Can't Load DH Parameters

If you get the following:

Tue Jan 23 03:03:05 2007 OpenVPN 2.0.7 mipsel-unknown-linux [SSL] [LZO] [EPOLL] built on Jan 15 2007
Tue Jan 23 03:03:05 2007 Cannot load DH parameters from dh1024.pem: error:0906D064:lib(9):func(109):reason(100)
Tue Jan 23 03:03:05 2007 Exiting

you should check your certificates. Did you paste them correctly?

Note: you must include new lines.

Connection reset by peer (WSAECONNRESET) (code=10054)

If you received error when trying to connect to your VPN server verify the following:

  • Make sure the tap-device was successfully "up'ed". It is, if you find it in the list when running "ifconfig" without further arguments.
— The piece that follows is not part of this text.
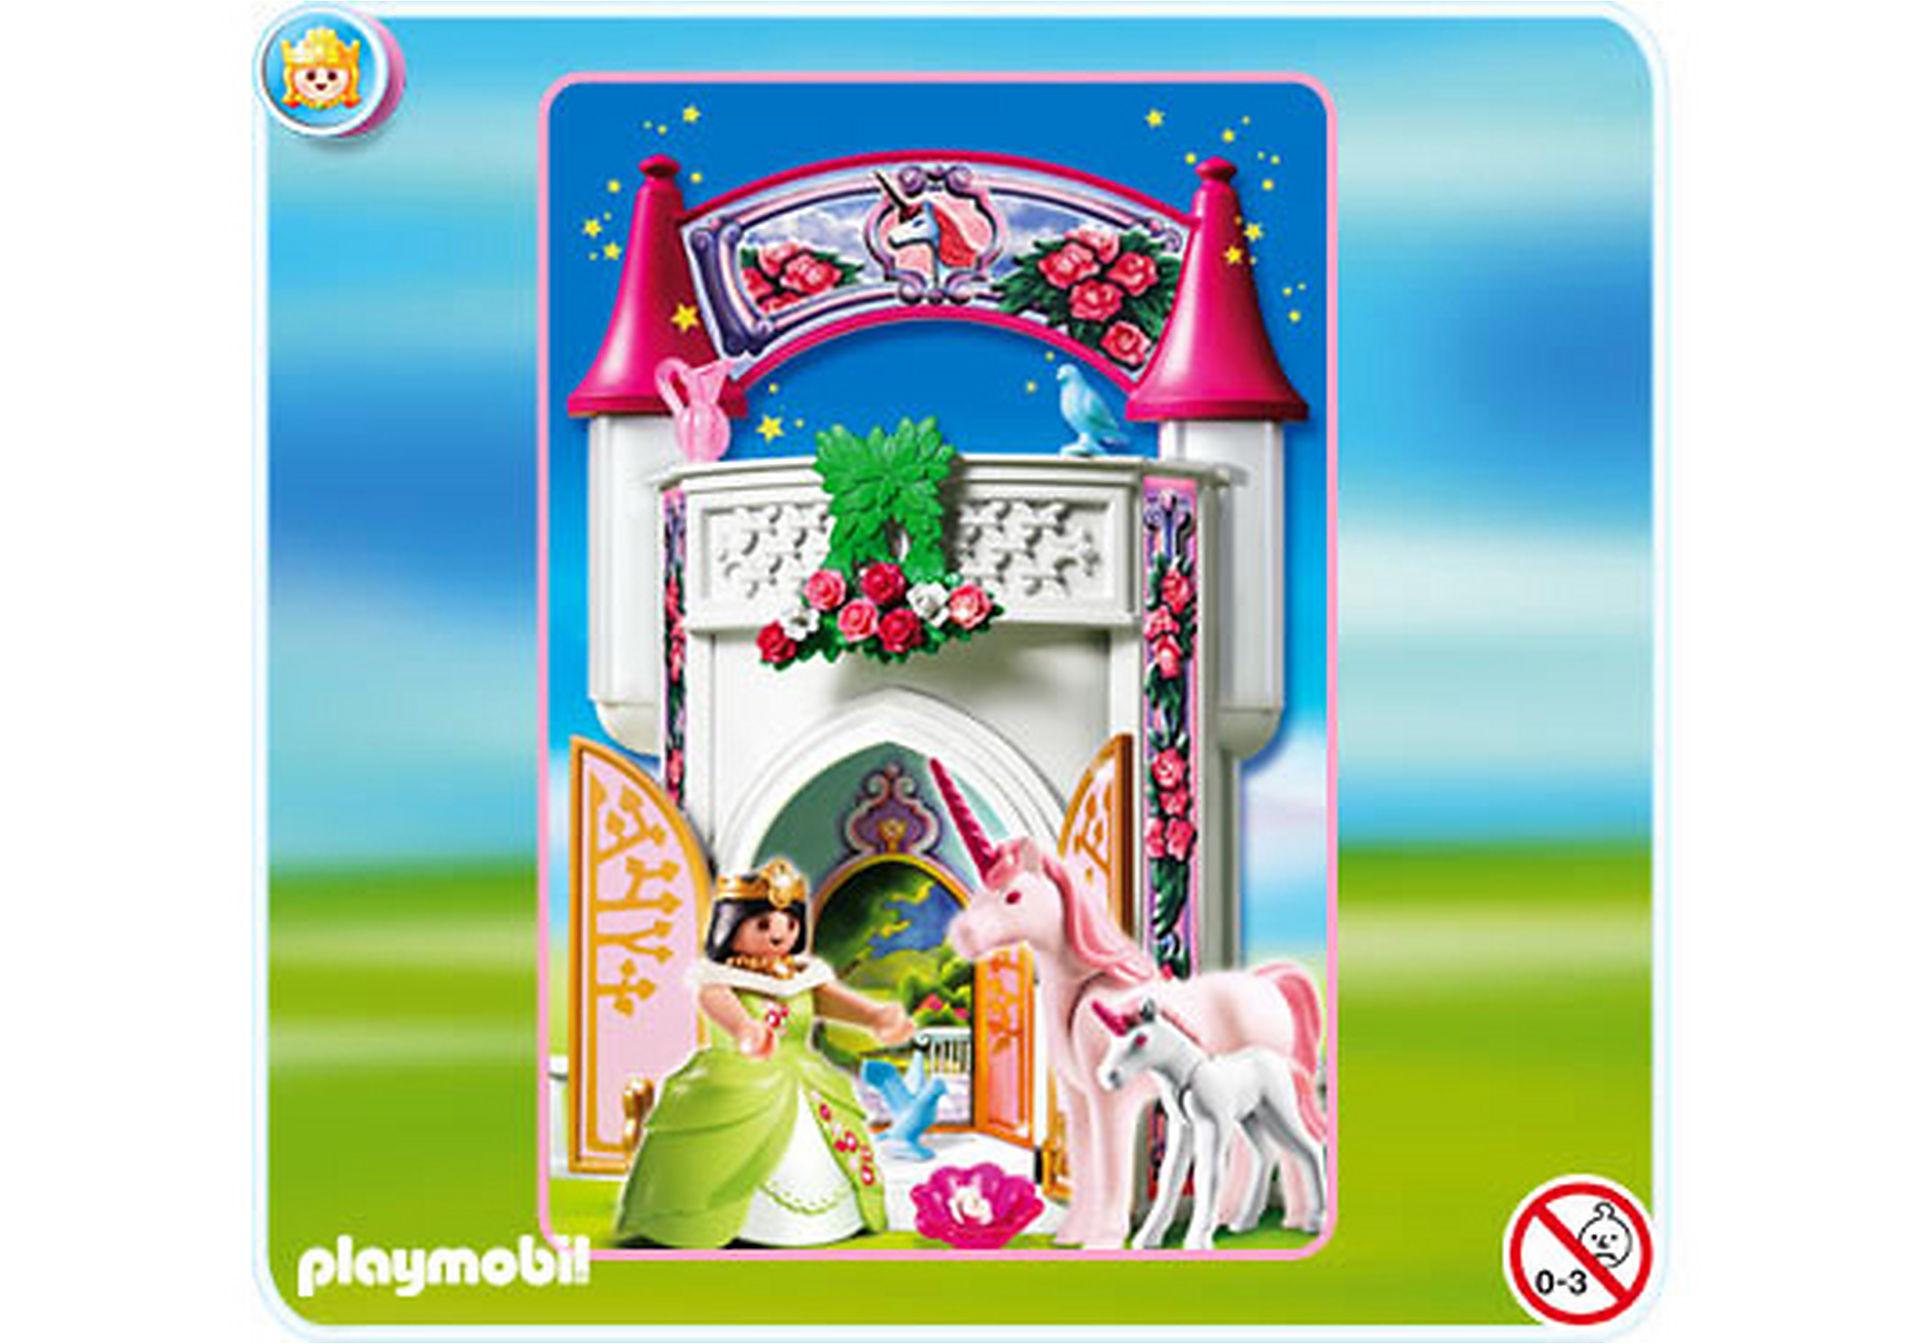 http://media.playmobil.com/i/playmobil/4777-A_product_detail/Einhorntürmchen zum Mitnehmen

If it is not displayed in the list of available interfaces have a look at "Yet another evolution" above.
  • Make sure the protocol is the same on the server and client, ie UDP/TCP
  • Verify the port number is the same on the client and server; Default port is UDP 1194
  • Check to see if the port is open on the server by using nMap or another utility

Incoming Packet Rejected

If you get incoming packets being rejected when trying to connect with the VPN client (OpenVPN) make sure that you are forwarding the 1194 port (if configured to use that port) to the proper server/router (usually 192.168.1.1).

Example TCP/UDP Rejection:

  • [Date] TCP/UDP: Incoming packet rejected from 192.168.1.1:1194[2], expected peer address: w.x.y.z:1194 (allow this incoming source address/port by removing --remote or adding --float)

Port Forwarding is configured on v24 SP 2 under 'NAT / Qos'.

Authenticate/Decrypt failure

Error: Authenticate/Decrypt packet error: cipher final failed

If this happens to you, you probably have a mismatch in the configuration between server and client on the "cipher"-option. (E.g.: cipher AES-128-CB / cipher AES-256-CB) This is not a problem of DD-WRT or OpenVPN but just a config issue which can happen if you follow some of those guidelines strictly without knowing what the config options mean.